Problem details - Each line in the records below, from the one that contains "National Daughters Day Image" to the one that contains "Bathroom Wooden White", should be reproduced exactly, the first and last included.

Material provided -
####

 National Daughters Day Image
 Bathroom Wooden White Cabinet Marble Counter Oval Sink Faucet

####

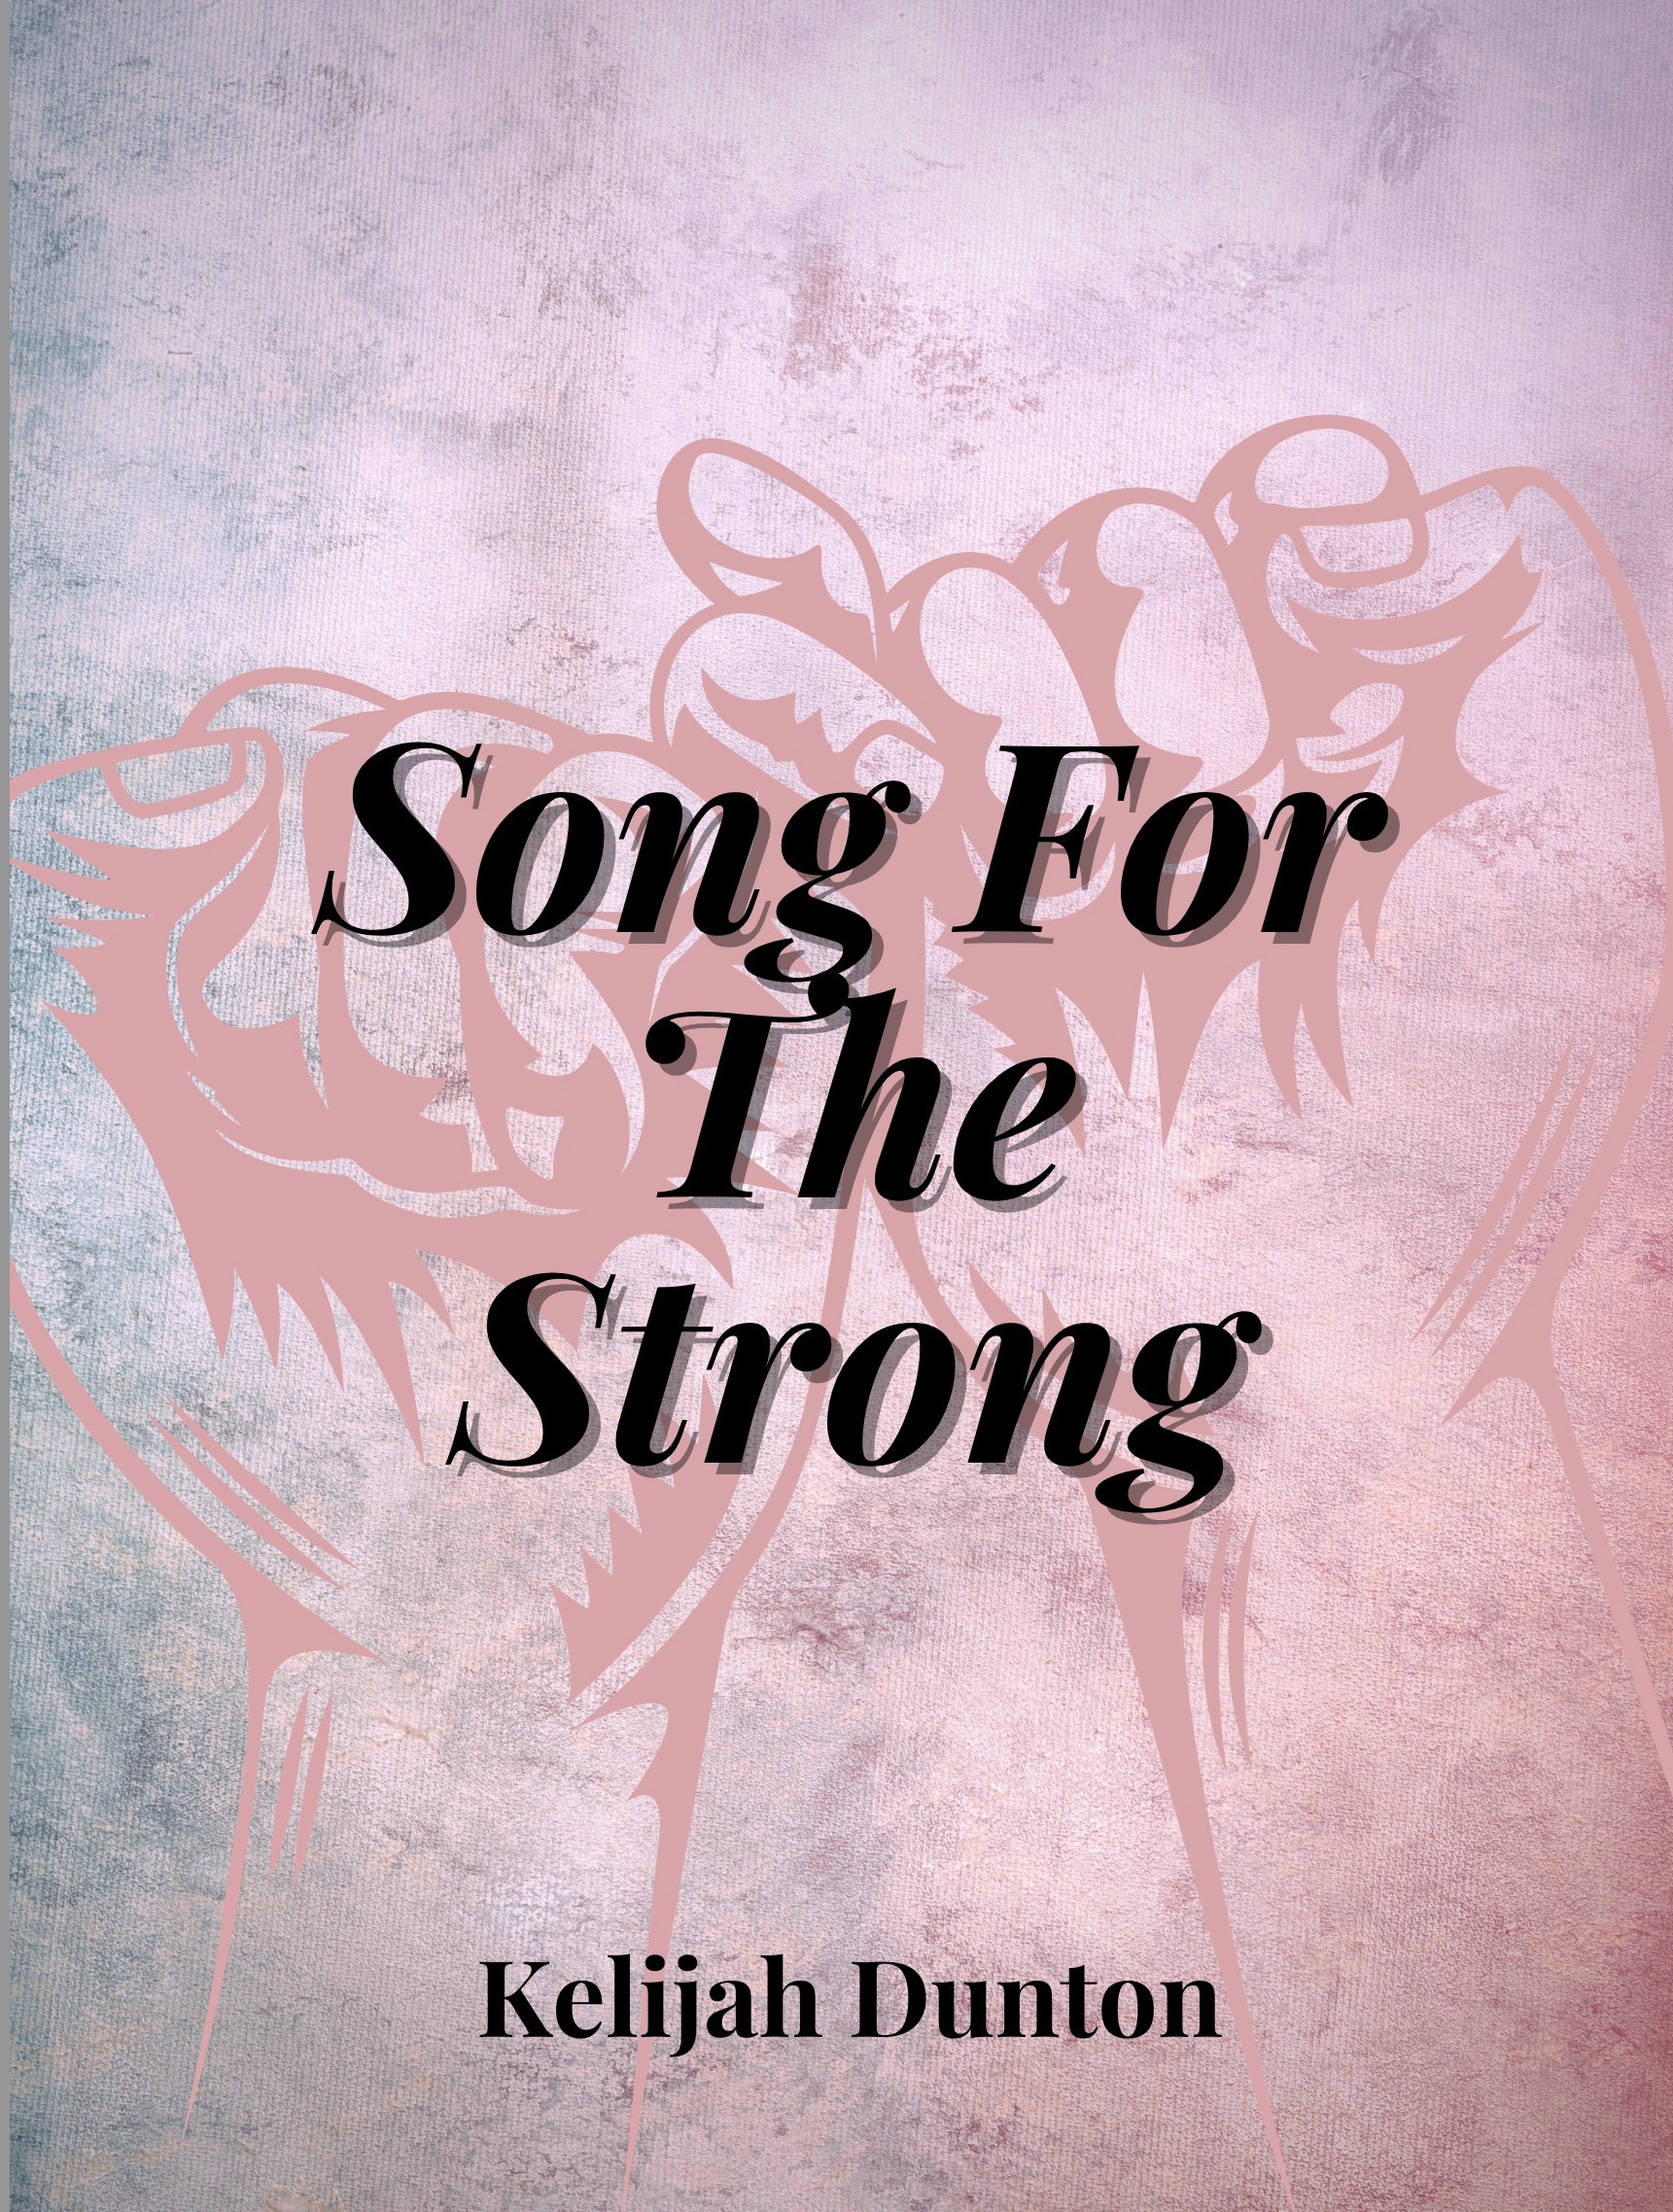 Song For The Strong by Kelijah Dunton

####

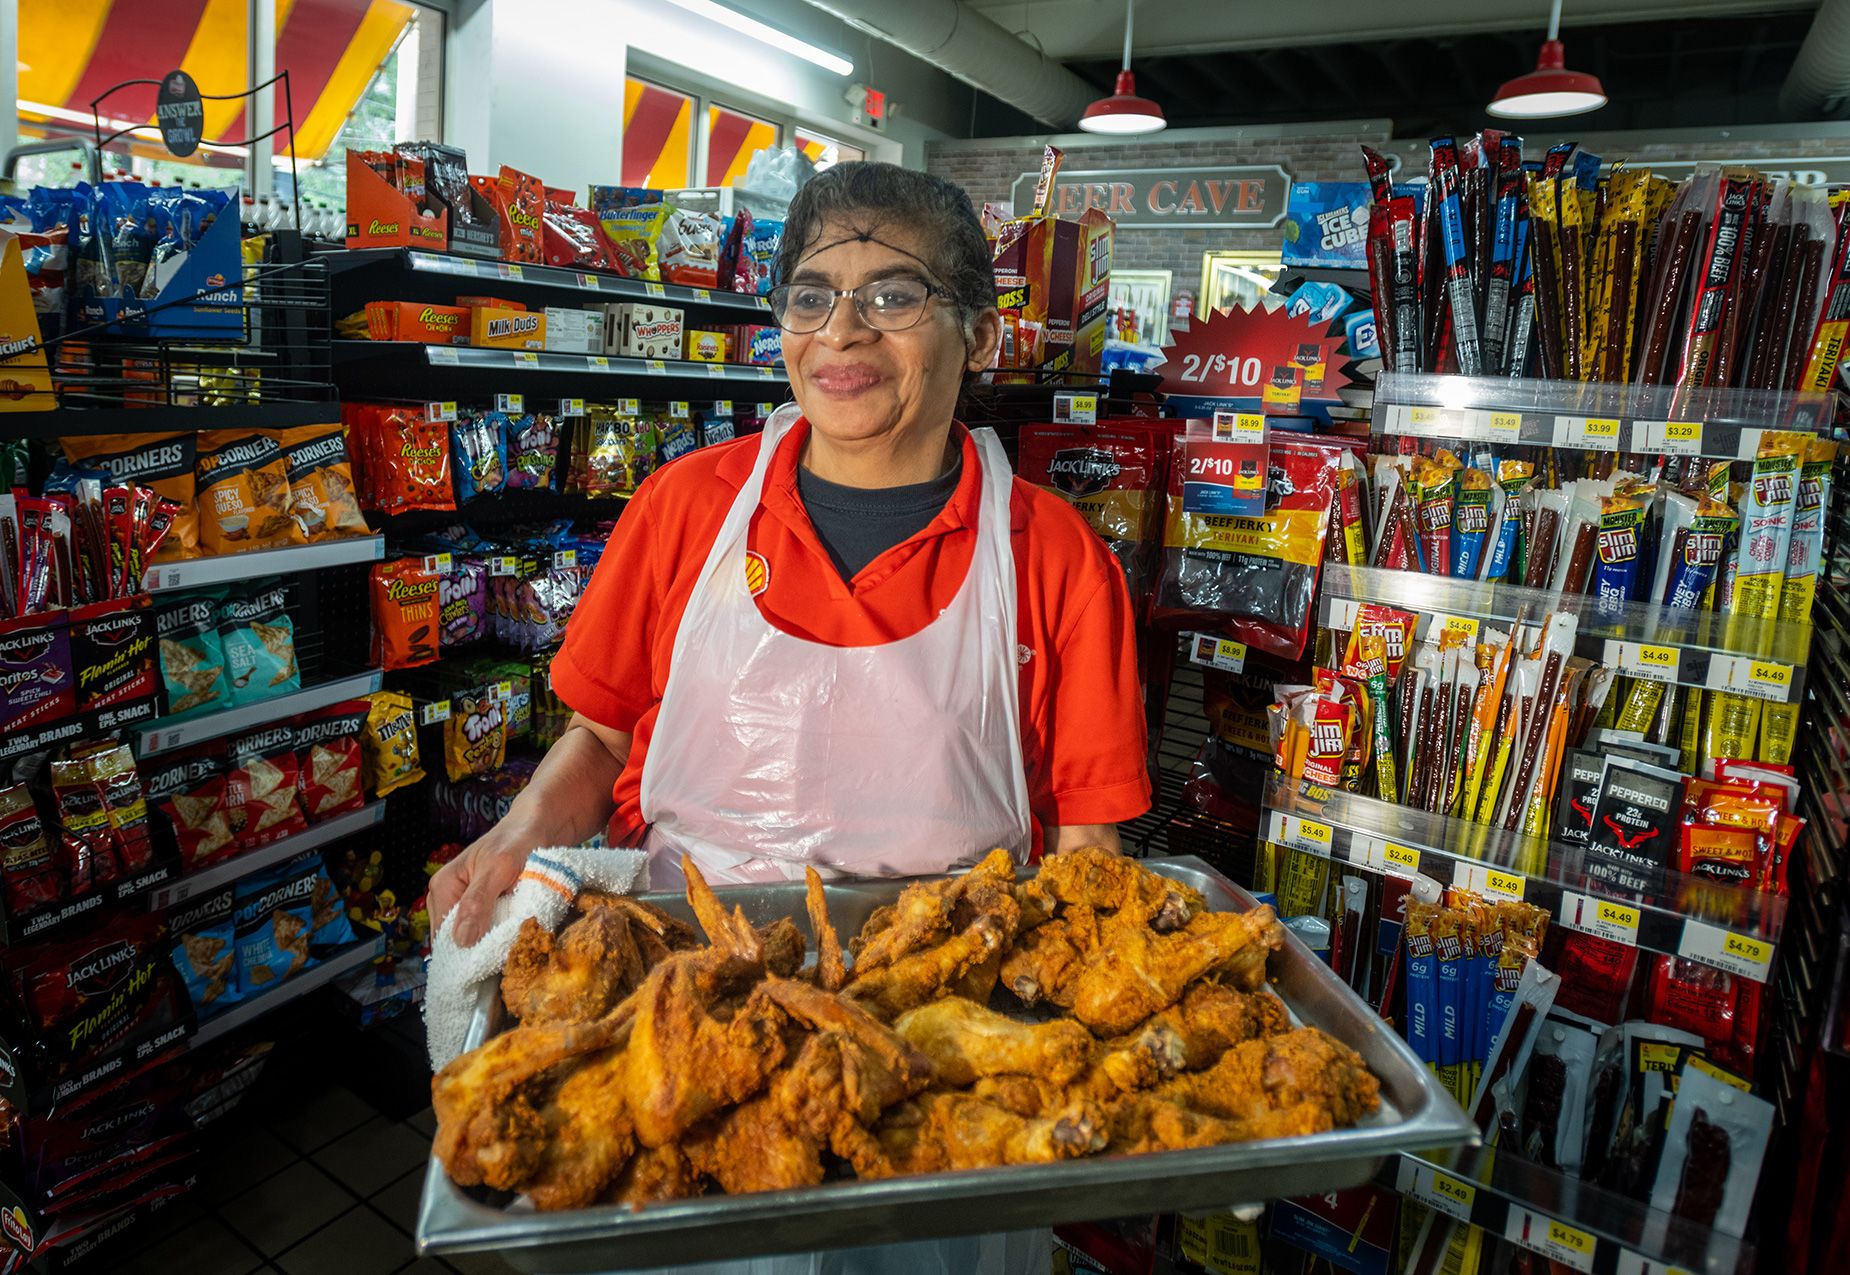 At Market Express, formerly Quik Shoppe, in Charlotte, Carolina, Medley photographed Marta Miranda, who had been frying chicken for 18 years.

####

Expected answer -
 National Daughters Day Image
 Bathroom Wooden White Cabinet Marble Counter Oval Sink Faucet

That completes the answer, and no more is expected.